The following passage resonated:
“In any city whose identity is changing, it can be hard to avoid the sense that a golden age has slipped away. Newcomers to Austin fall prey to this nostalgia almost instantly – but the feeling is more like watching someone you love become someone you don’t expect. It doesn’t mean that you’re not still in love – just that complexity has entered the relationship.”
That’s really what I sense in town these days. This complexity. This internal debate over making a living v. livability.
I visited June Mountain with my daughter last Sunday. It was a 65-minute wait to board Chair 1. And I thought, well, this is mildly irritating.

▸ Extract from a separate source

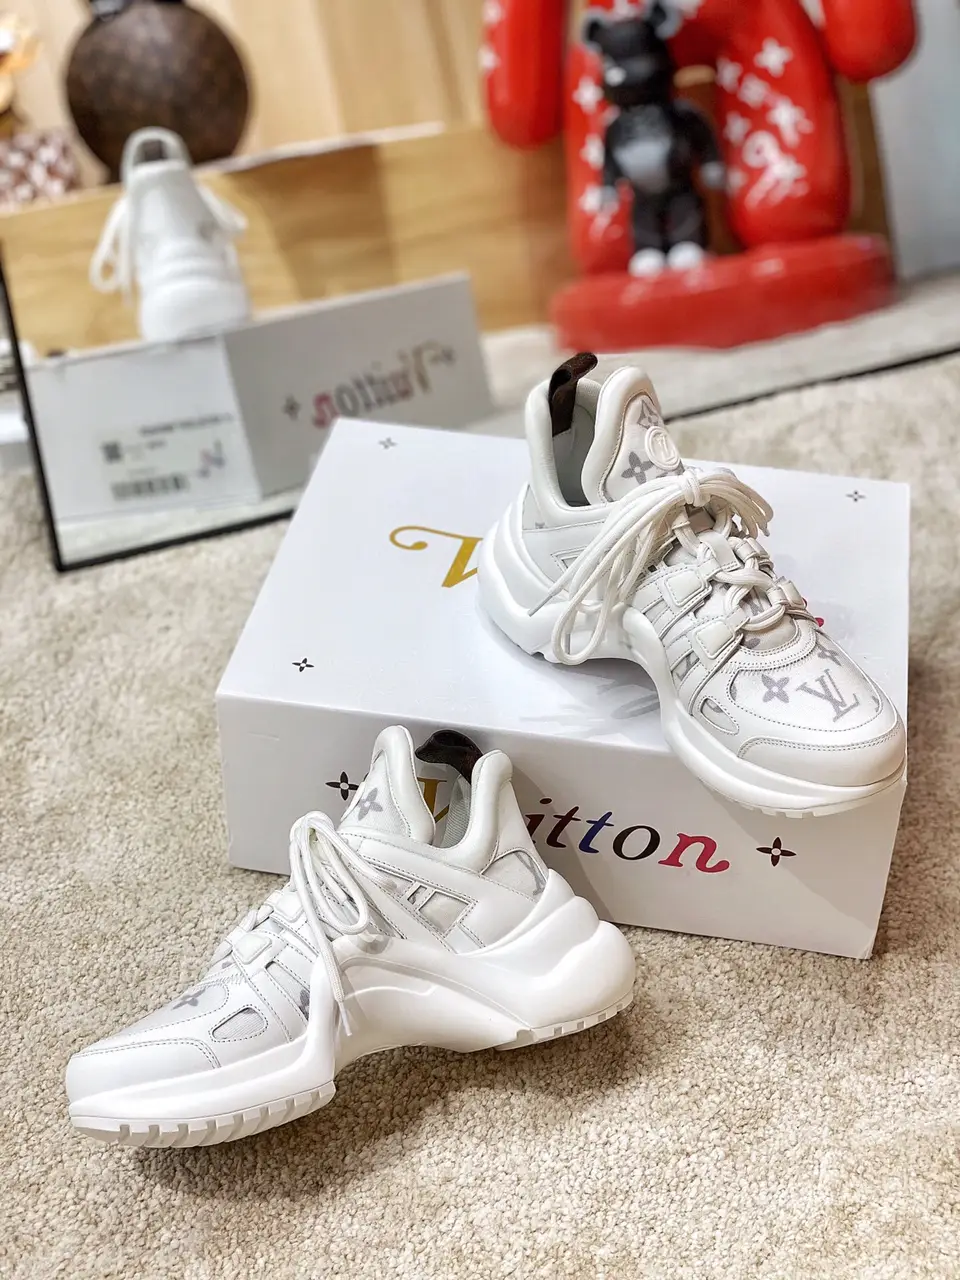 Fake Vs Real Lous Vuitton Archlight Trainers !! Did you find this help

But then I observed the other people in line – all tourists. Who were all just damn happy to be there versus sitting in L.A. traffic. And it was a beautiful sunny day and the wait didn’t faze them one bit.
And then we got to the lodge area and skied right onto J6. We were free! And then my daughter said she was hungry. Uggh.
So we skied down to Stewpot Slim’s and spend another 20 minutes in line getting food. Again, everyone in line was in good spirits. I watched the teenage gals in front of us hug their father and thank him for taking them on vacation.
The employee taking orders (nametag Josh) couldn’t have been more pleasant.
And I thought to myself, I suppose I’m the spoiled one. I can share my backyard. I’ve spent my whole life trying to develop greater patience. This is just one more lesson. One more slice of humble pie. The snow is terrific. My daughter is fed and happy. Let it go.
But, if it can be helped, don’t test me further. I don’t need a 75-minute wait for J1 or a 30-minute stop at Stewpot Slim’s. I do think we have enough. Let’s not risk overcooking Lunch.